In a presidential election in which most professional pollsters and D.C. politicos were — again — as wrong as sin on Sunday, anxious Americans watching the results trickle in this week might have been better served by simply asking a Canby High schooler.
The high school held its schoolwide election simulation on Tuesday, and students not only accurately predicted the winner — but came within a couple percentage points of his margin of victory.
In the exercise, students were asked to cast votes during their second-period classes — which were also assigned states and electoral college votes.
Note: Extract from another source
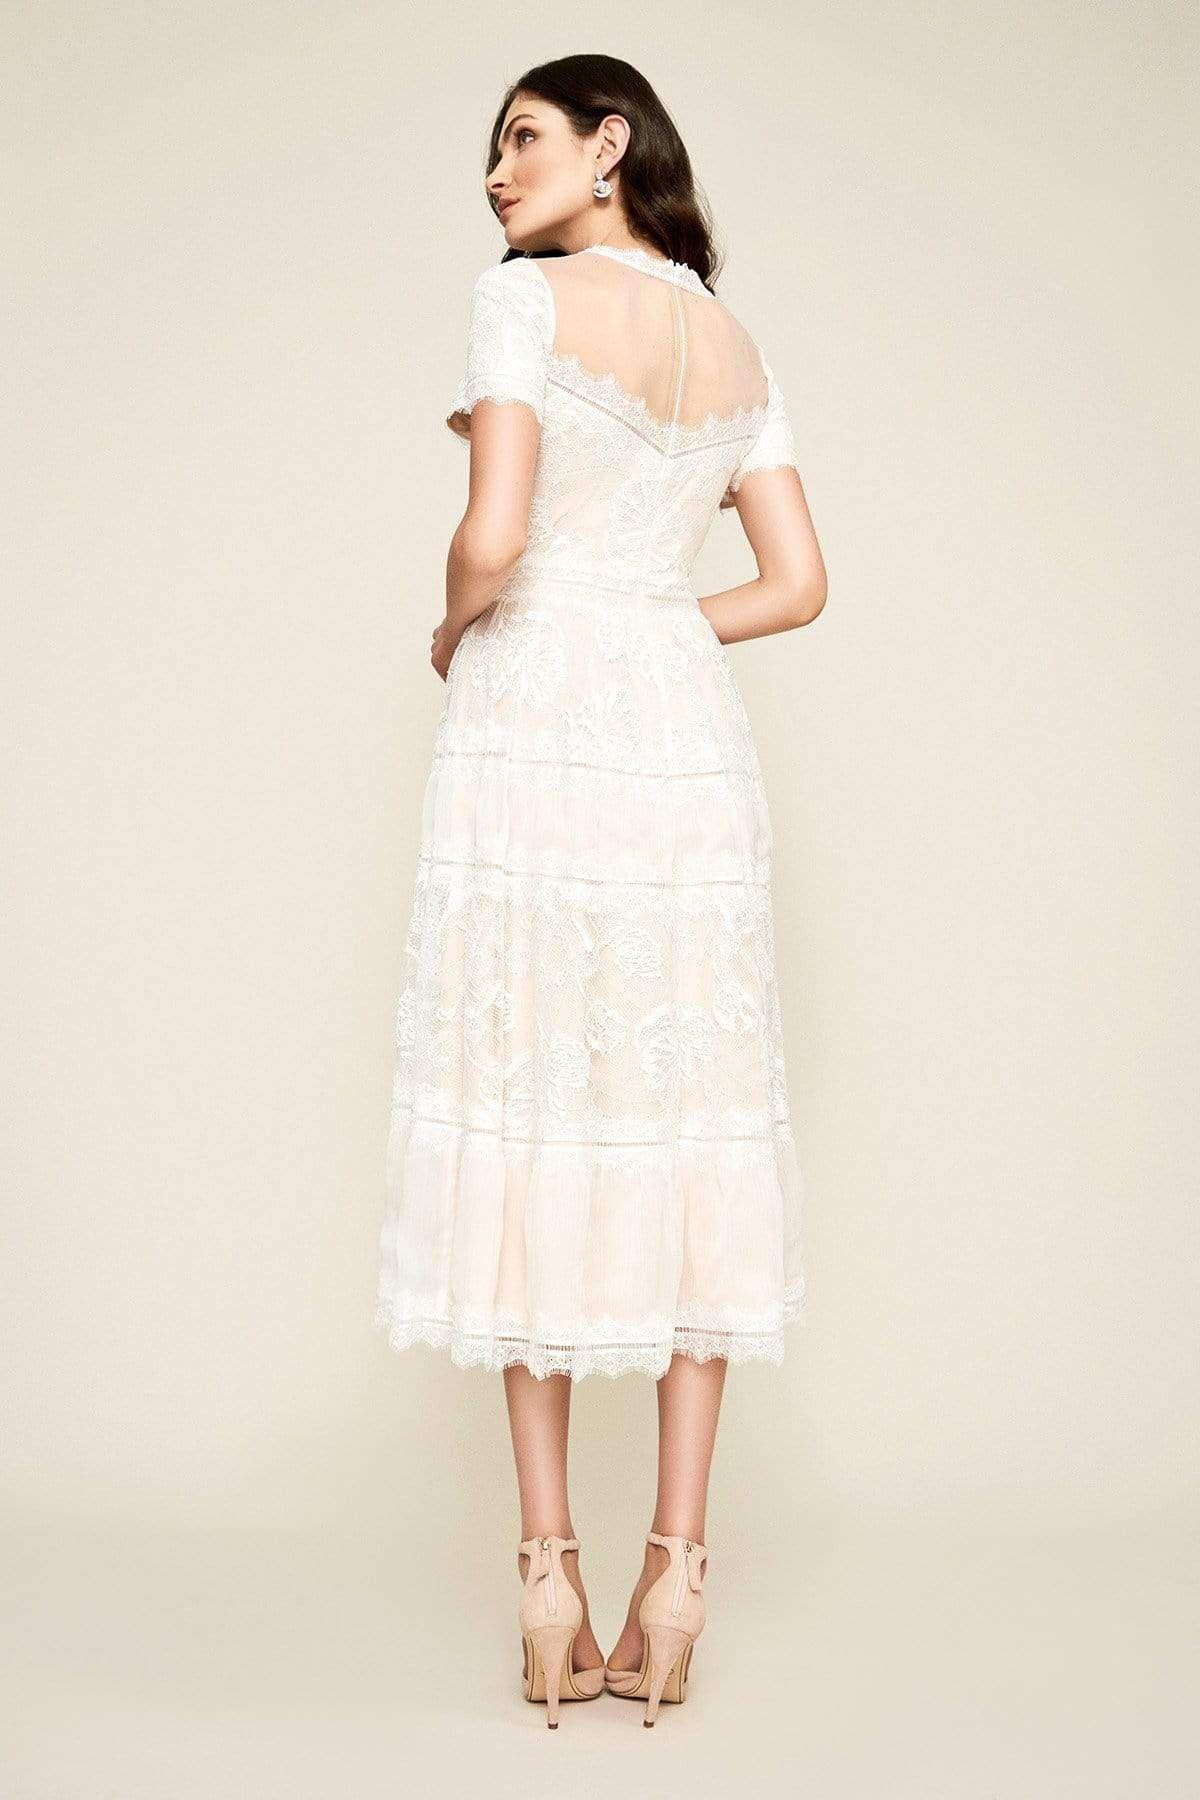 Tadashi Shoji Illusion Neckline Sheer Lace Tea Length Dress In 2021 Tea Length Wedding Dress Lace Tea Length Dress Tea Length Dresses [ 1800 x 1200 Pixel ]

Of those who voted (the school saw about 75% turnout, according to Principal Greg Dinse), 53.1% chose former Vice President Joe Biden — who on Saturday was declared the winner of the real election after building an insurmountable lead in Pennsylvania.
While votes are still being tallied, Biden has captured about 50.7% of the national popular vote as of Sunday morning.
The high school was even more accurate in predicting the electoral college — the real decider of White House residents, according to the Constitution. Their breakdown gave 51.2% of the available electoral votes to Biden.
On the national level, several states have yet to be called, but most media outlets projected the president-elect had won 279 electoral votes (the Associated Press has also called Arizona and its 11 votes for Biden, giving him a total of 290).
Taking the percentage of only the states that all major outlets agree Biden has won would give him 51.8% of the electoral college — roughly within a half a percent of the exercise by CHS students predicted.
On the other hand, Donald Trump, the incumbent president, did not do as well in the students’ poll as he did in the national race — or with Canby’s legal voters, for that matter.
In the high school exercise, President Trump took 43.3% of the popular vote and 48.7% of electoral votes.
Libertarian Jo Jorgensen did well with the high school, collecting 3.4% of the popular vote — nearly three times better than her real performance on Tuesday night. She even received a single electoral vote, thanks to the independent-thinking voters of Maine’s Second Congressional District.
In an email to high school students and families, Principal Dinse noted that the simulation had also closely mirrored the national election in 2016, so these kids might really be onto something.
The previous week, Canby High leadership students had hosted the high school’s first “Student Town Hall,” which offered an opportunity for students to express their political opinions and concerns in an engaging and civil format, moderated by CHS social studies teacher Bob Hammitt.